For this critical industry, manufacturers must meet strict regulatory guidelines. For devices sold into Mexico, regulations are set by the Federal Committee for Protection from Sanitary Risks (COFEPRIS), a department within Mexico’s Ministry of Health. Products imported abroad must meet the national guidelines of those import countries.
There are several reasons that Mexico has become a leading supplier of medical devices. The country has a robust network of manufacturer-led and technical training institutions that have developed a workforce skilled in undertaking highly complex manufacturing activities. Most of these medical devices must be manufactured by hand, a skillset easily found among a labor force used to completing multiple-part assembly processes. And, of course, this skillset is found at more competitive wages than those paid in the United States or other high-skill manufacturing countries.
However, location has also played a role in Mexico’s growth as a medical device manufacturer. While Mexico’s location across the border from its largest trading partner is a leading advantage, it becomes even more beneficial when considering that one of the largest U.S. medical markets is San Diego, about 20 miles from the booming medical device manufacturing industry in Tijuana. This medical manufacturing expertise has extended and can be found in Chihuahua, Coahuila, Nuevo León, Jalisco, Sonora, and Tamaulipas.
As this industry has grown, so too have the regulations surrounding it to ensure that end-users are getting the quality they need.
Mexico’s General Health Law (Ley General de Salud) sets out the framework for regulating the import and export of medical devices, drugs, and other biological products. Through this law, COFEPRIS is charged with regulating medical devices that diagnose and prevent diseases and support treatment.
Companies manufacturing medical devices to sell in Mexico must file an operation notice with COFEPRIS. Under the General Health Law, COFEPRIS has 60 working days to review this application. The regulatory authority ensures that manufacturers are following all applicable standards (in Mexico, NOMs).
Medical devices manufactured in Mexico must be registered through COFEPRIS by a Mexican legal entity. That entity serves as the main point of contact for applications, product registration, or any issues that may arise with the medical device.
COFEPRIS also regulates the importation and marketing, and sale of medical devices in Mexico, so it is essential to understand these regulations should the manufacturer opt to sell into the local market in addition to exporting materials. Imports require a COFEPRIS-issued Sanitary Authorization, a permit that includes detailed information about the incoming shipment. Companies looking to sell their product in Mexico will also need to obtain a marketing authorization.
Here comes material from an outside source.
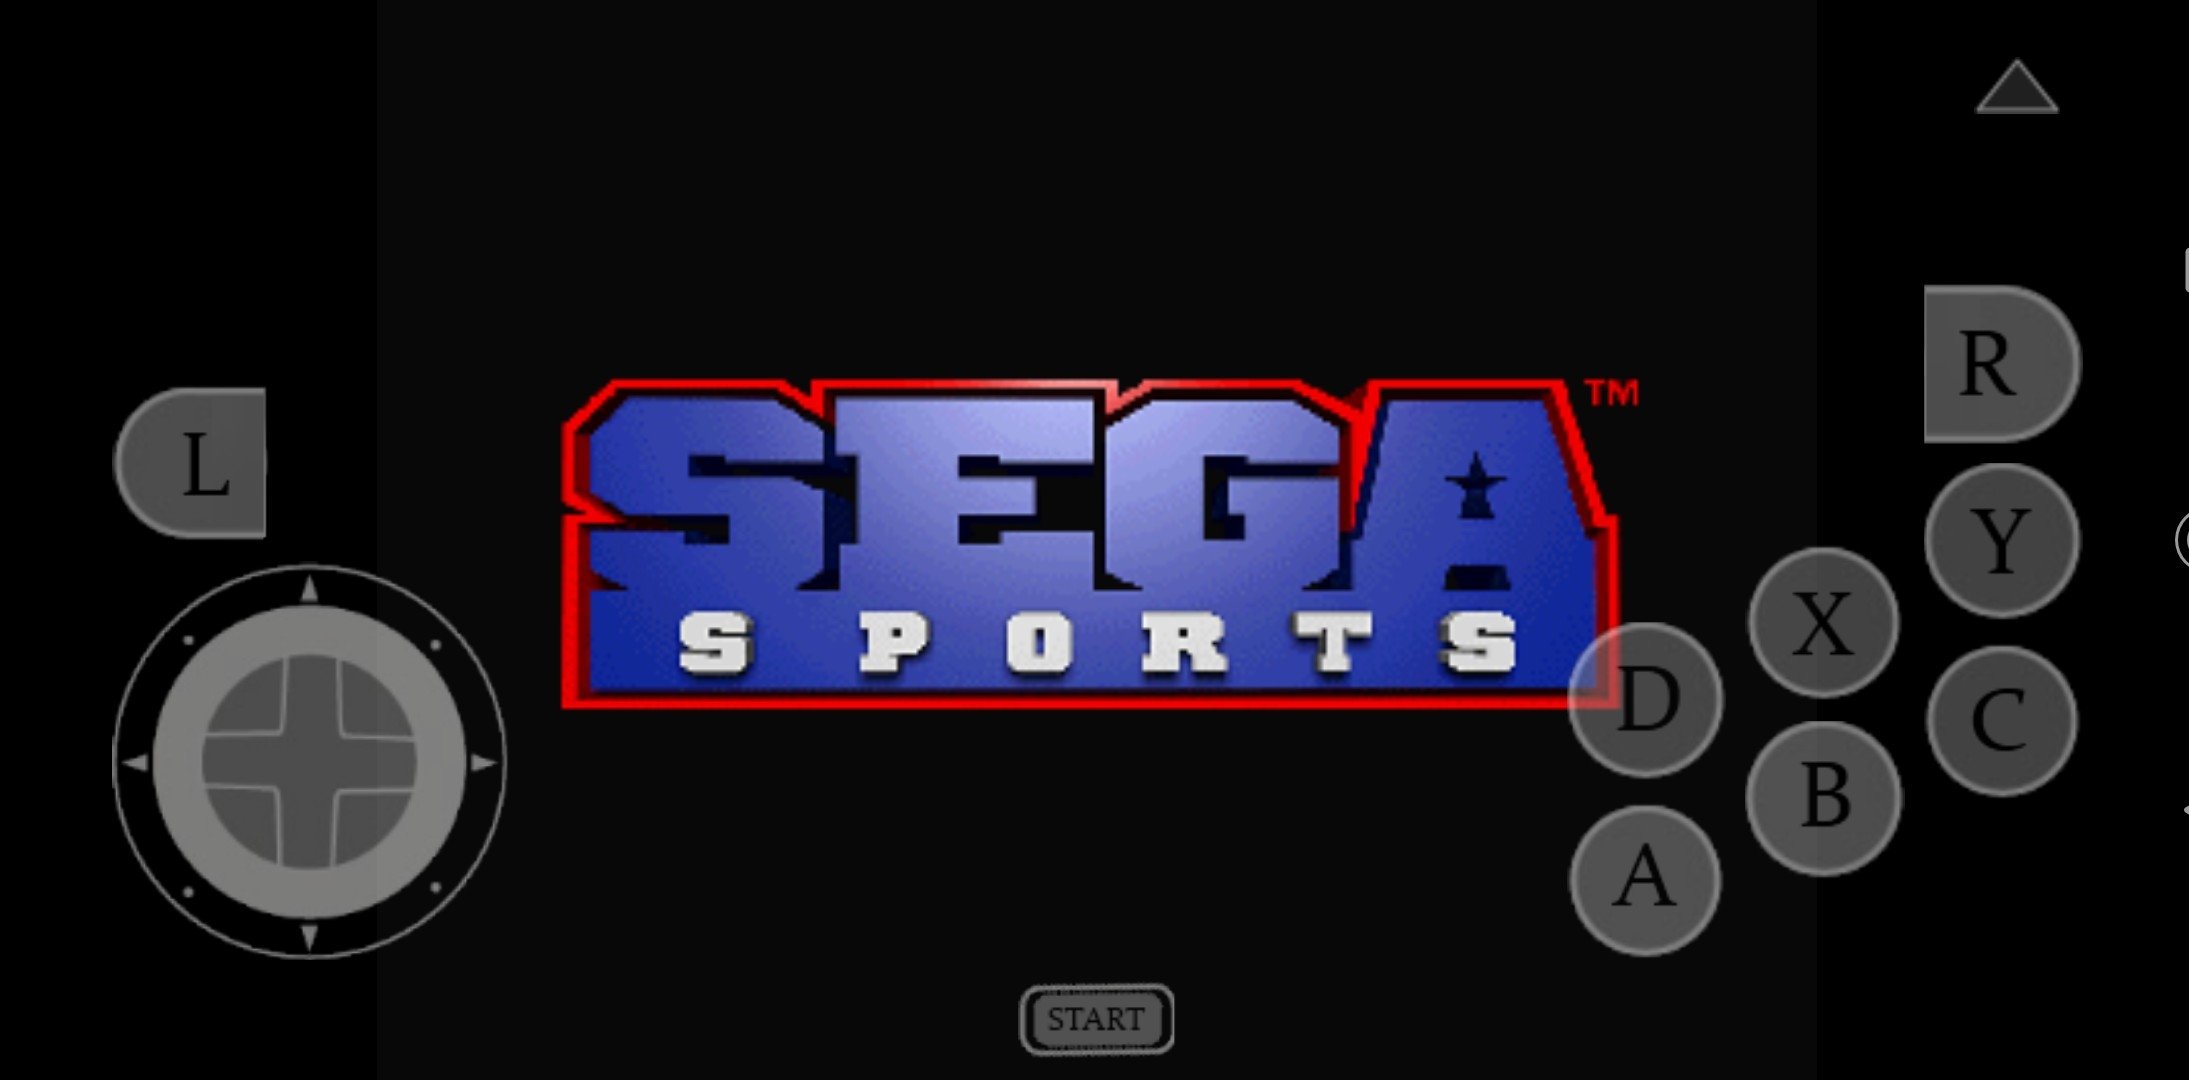 Juegos De Sega Saturn Emulador Online : EMULADOR DE SEGA (GENESIS, MEGADRIVE, SATURN) + 300 ...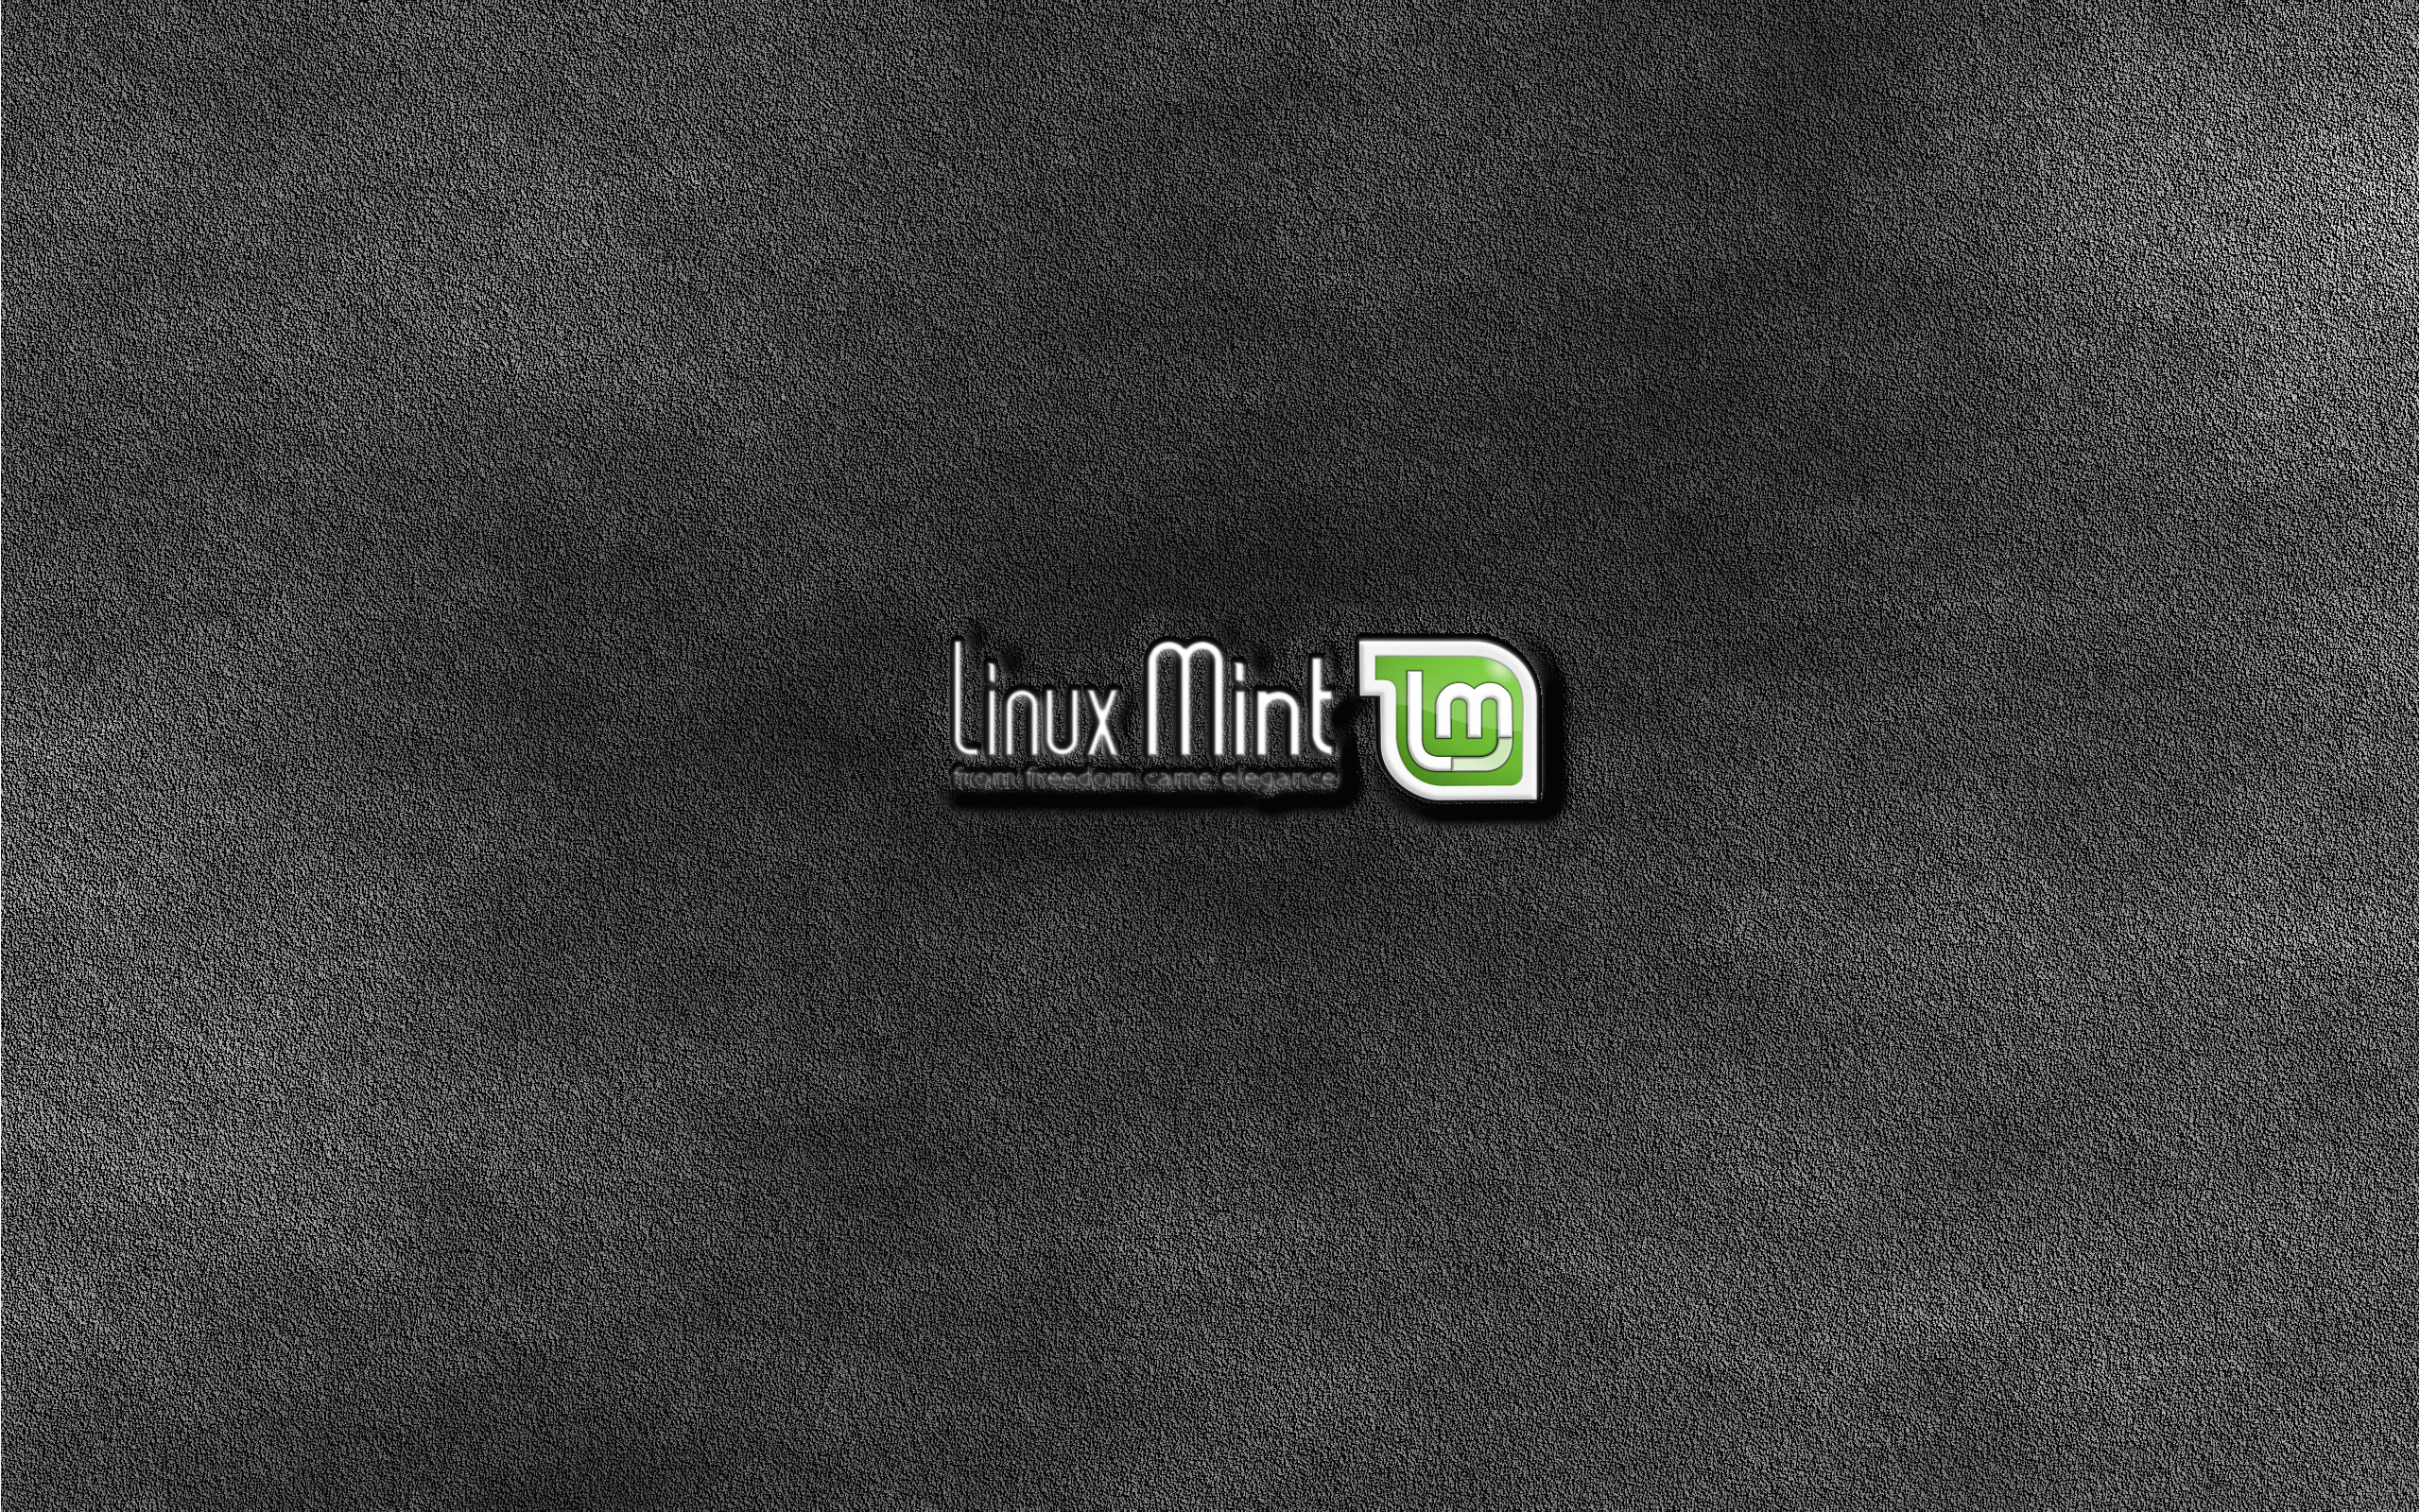 Nuevo fondo de pantalla! Menta tallada en piedra o algo así! ;-) - Linux Mint

NOM-241-SSA1-2012 lays out good manufacturing practices for organizations that manufacture medical devices. It sets requirements for every step from the design of the installation through packaging and distribution. Among other requirements is that manufacturers must implement, document, and maintain a quality management system. To some degree, operational processes are defined by the standard depending upon the class of medical device being produced. The standard establishes three classes:
Manufacturers that have a Good Manufacturing Practice Certificate issued by an authorized international health authority, such as the FDA in the United States; Health Canada; or the Ministry of Health, Labor and Welfare of Japan, are able to expedite this process through the equivalency review process. This prior regulatory approval demands much less detail and paperwork and can shorten the process.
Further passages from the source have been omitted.